CUDA exposes exactly one control-flow primitive for this: if. All threads evaluate the condition; threads where it is false are masked (deactivated); both paths execute sequentially within the warp. This is predicated execution — simple, universal, and sometimes ruinously expensive. A warp that diverges on an if runs both sides, throwing away half its throughput on each.

But predicated execution is not enough. Consider a matmul kernel where one group of threads should continuously fetch tiles from global memory while another group continuously multiplies tiles on the tensor cores. This is not a data-dependent branch — it is two structurally different programs that happen to share an address space. Trying to express this with if means one program pauses while the other runs. There is no overlap, no pipeline.

Croqtile introduces two additional control-flow primitives to fill this gap:

  • inthreads.asyncstructured concurrent regions: compile-time partitioning of threads into groups that run different programs simultaneously. The compiler generates separate instruction streams; the hardware schedules them independently.
  • shared event / wait / triggerinter-region signaling: lightweight synchronization tokens that let concurrent regions communicate safely.

Together with if, these three primitives cover the full spectrum of control flow in a GPU kernel: data-dependent branching, structural program composition, and inter-program coordination.

Predicated execution with if

Croqtile's if behaves like its C counterpart:

if (tile_id < total_tiles) {
  // body executes only when the condition is true
}

All threads in scope evaluate the condition. Threads where it is false skip the body. Within a single warp, if some threads take the branch and others do not, the hardware serializes the two paths — threads on the skipped side sit idle while the taken side runs, then vice versa. This is warp divergence, and it is the price of runtime flexibility.

When to use if: data-dependent decisions that cannot be resolved at compile time. Bounds checks, partial-tile guards, conditional accumulation. The condition can depend on runtime values — loop indices, input data, tile coordinates.

Cost model: divergence within a warp serializes both paths. Divergence across warps (where all threads in each warp agree) costs nothing — the hardware simply skips the not-taken path. The practical rule: keep if conditions warp-uniform (all 32 threads agree) whenever possible.

Structured concurrent regions with inthreads.async

inthreads.async solves a fundamentally different problem than if. Instead of asking "should this thread execute this code?" at runtime, it says "this group of threads runs this program, that group runs that program" at compile time.

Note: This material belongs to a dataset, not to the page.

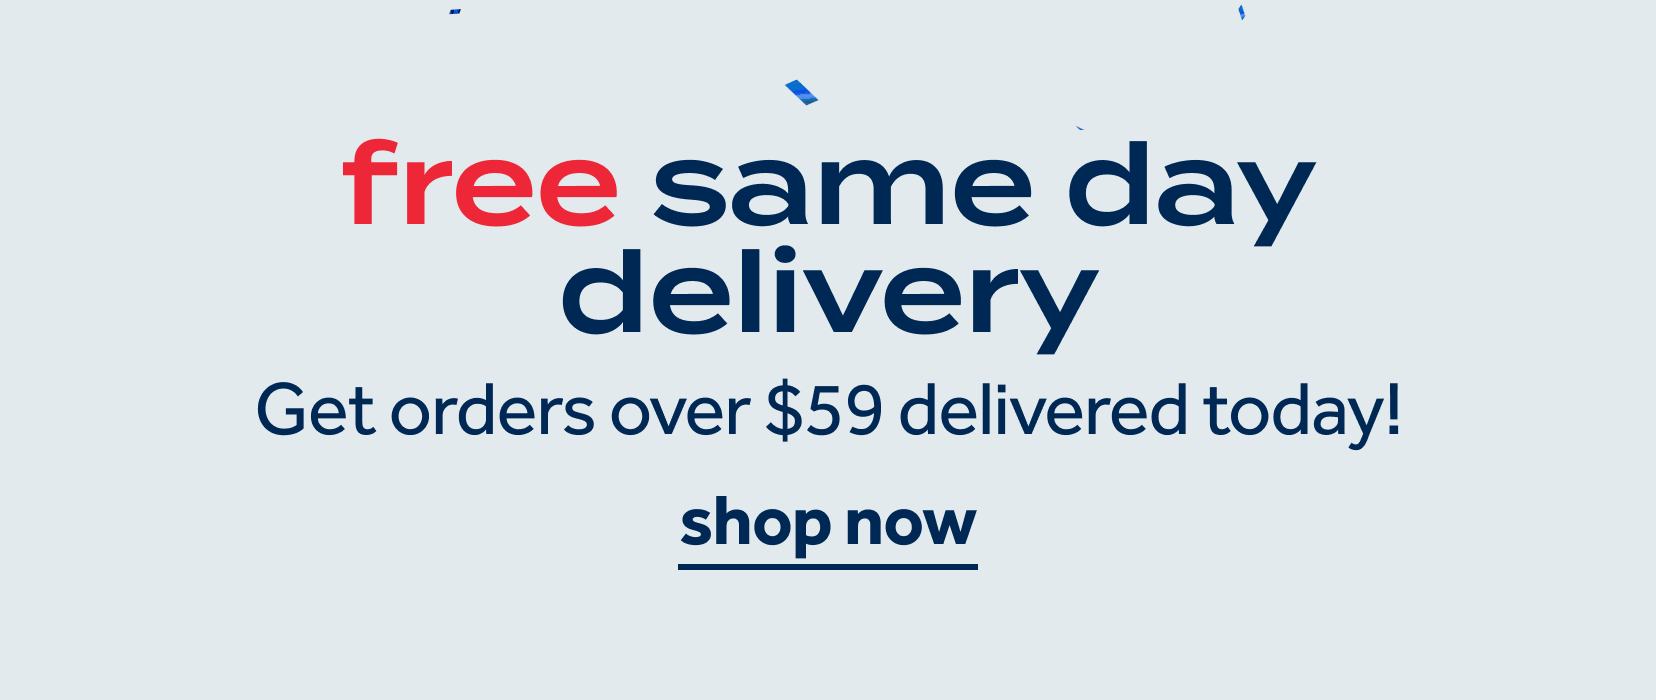 free same day delivery | Get orders over $59 delivered today! | shop now
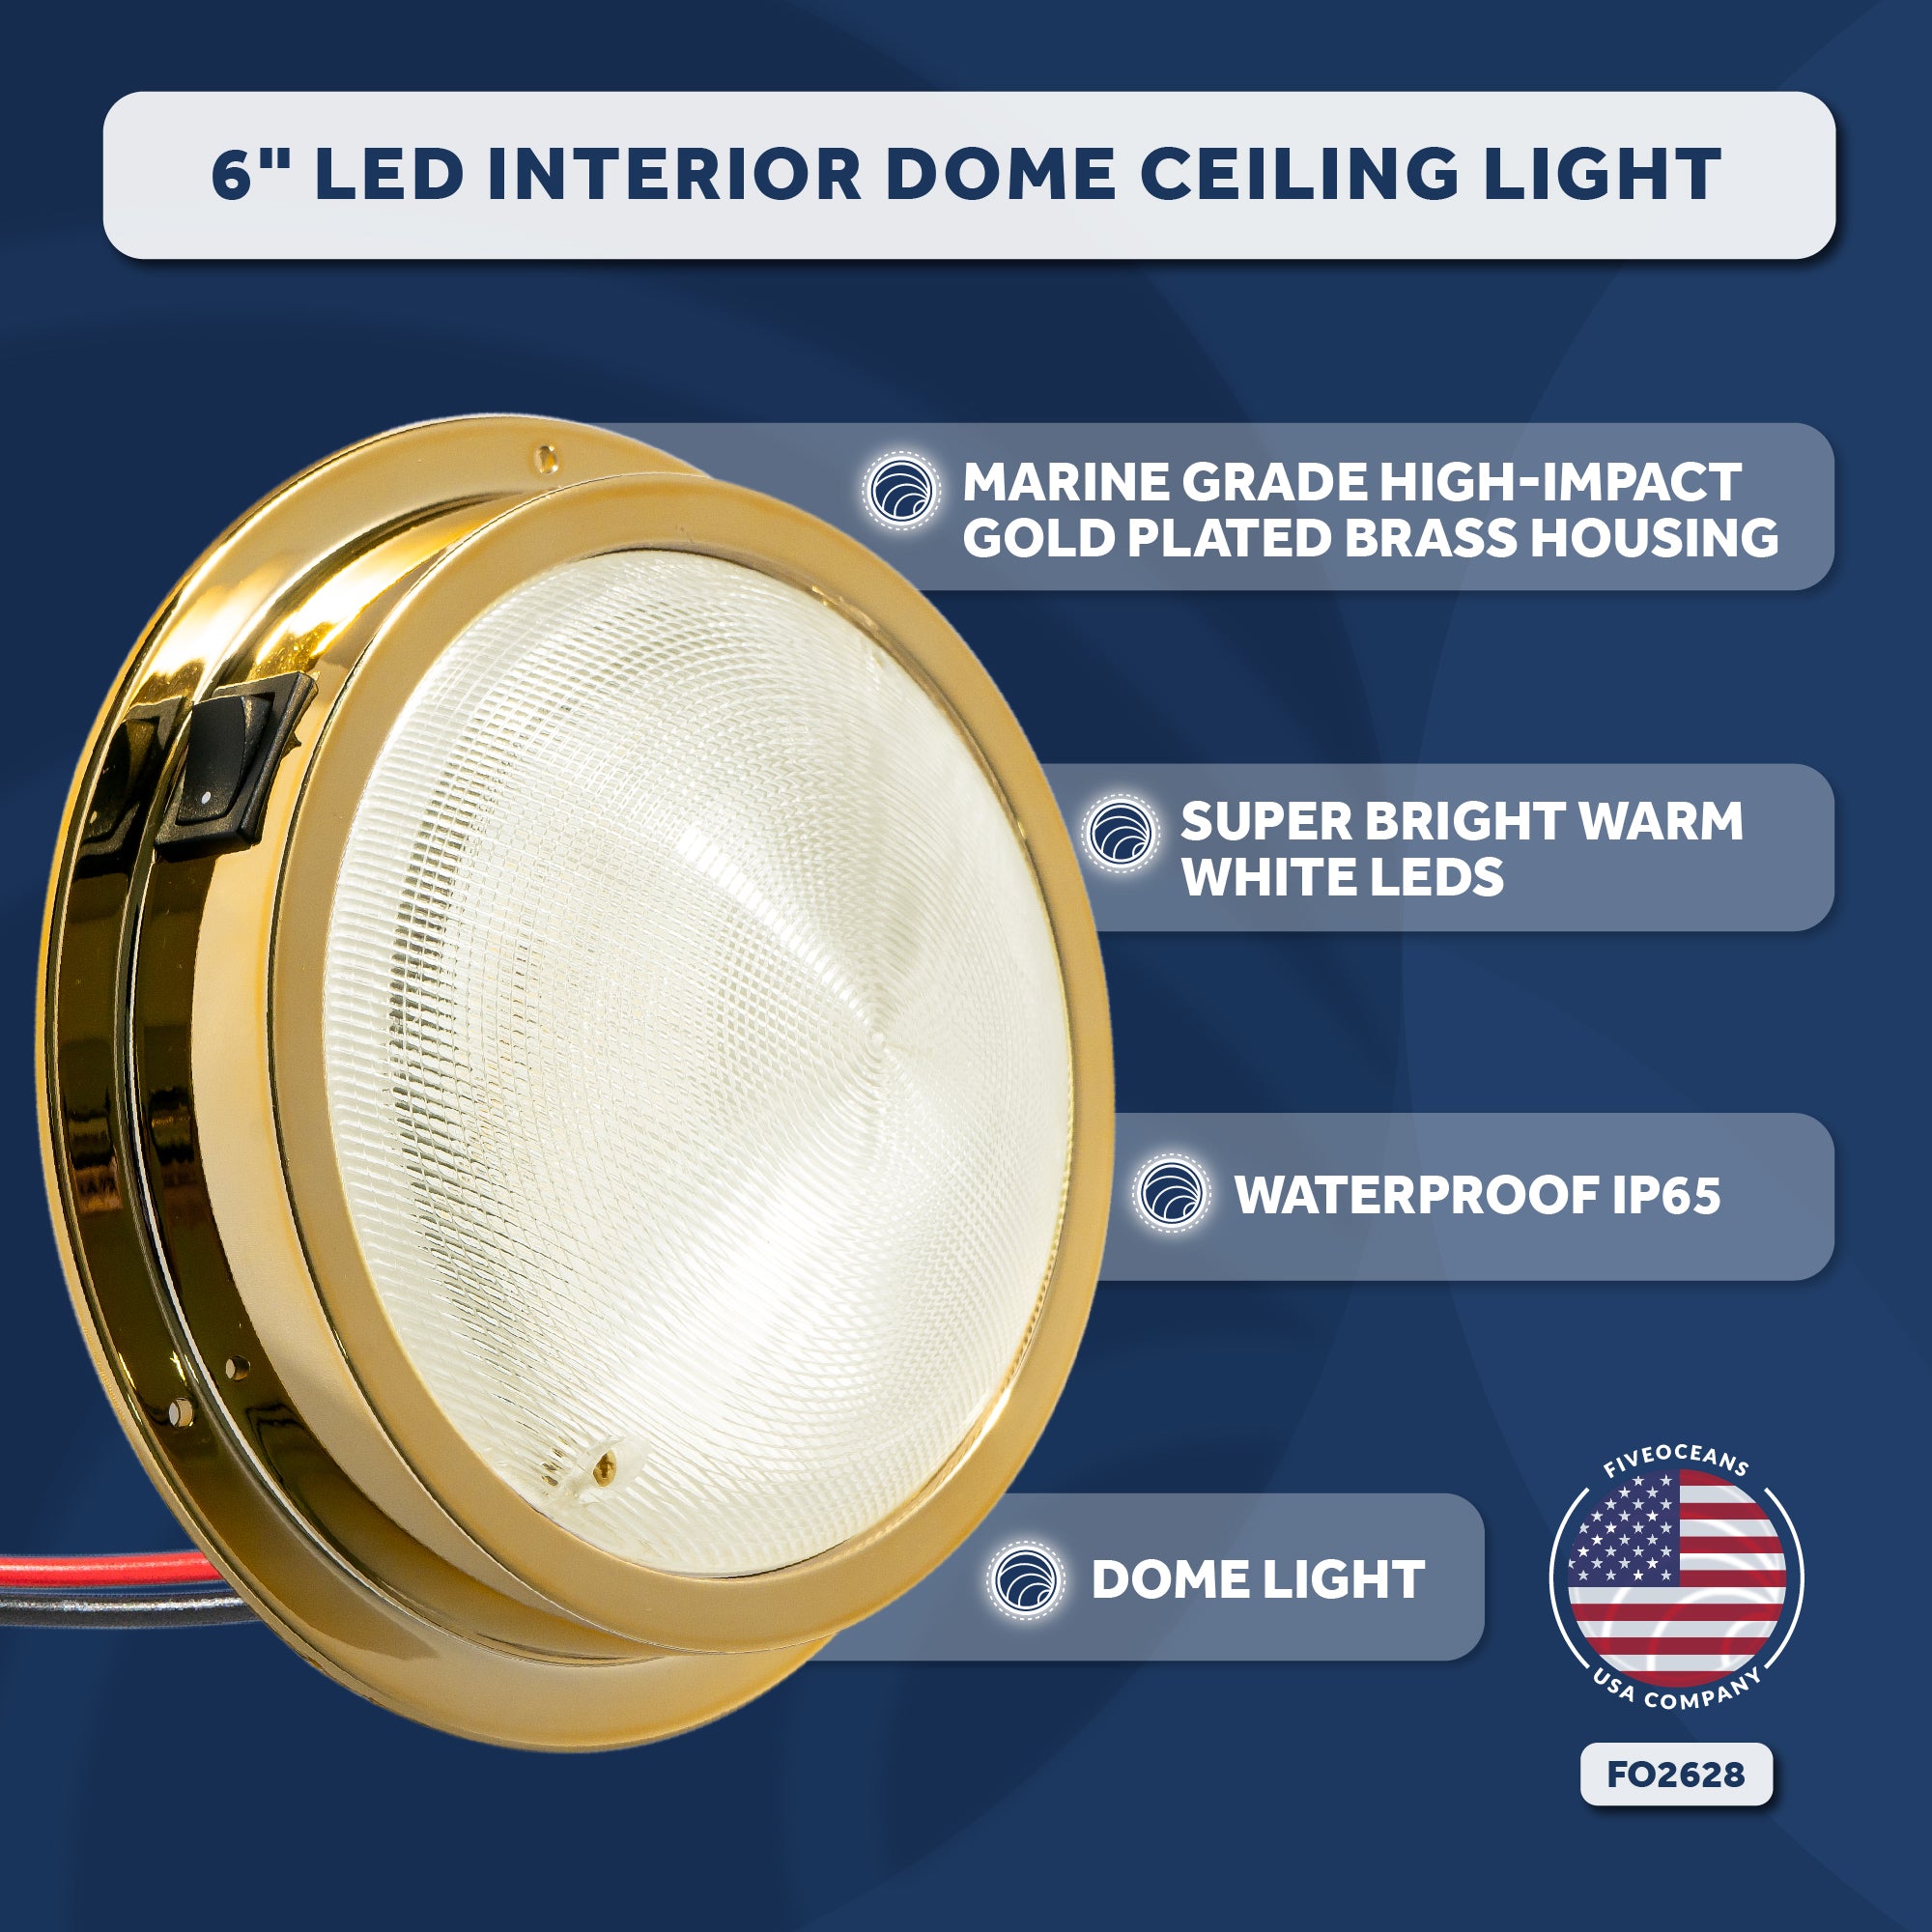 LED Interior Dome Ceiling Light, 6" Surface Mount, Warm White - FO2628

parallel p1 by 2 : group-4 {

  inthreads.async (p1 == 0) {
    // program A: only warpgroup 0 compiles and runs this
  }

  inthreads.async (p1 == 1) {
    // program B: only warpgroup 1 compiles and runs this
  }
}

The distinction from if is structural, not just performance:

if (predicated execution) inthreads.async (structured concurrency)
Resolution Runtime — every thread evaluates the condition Compile time — thread assignment is fixed
Instruction streams One program; divergent threads masked Separate programs per region
Execution Serial within a warp if divergent Concurrent across warpgroups
PL analogy if/else in any language async/spawn in structured concurrency (Trio, Go goroutines, Cilk)
GPU analogy SPMD with masking MPMD within a single kernel launch

Why "structured"? The regions are lexically scoped — the compiler knows at parse time which threads belong to which region. There is no dynamic spawn, no unbounded concurrency. Each inthreads.async block is a static partition. This is what makes it amenable to compile-time analysis: the compiler can allocate registers differently for each region, emit different instruction schedules, and verify that shared resources are used safely.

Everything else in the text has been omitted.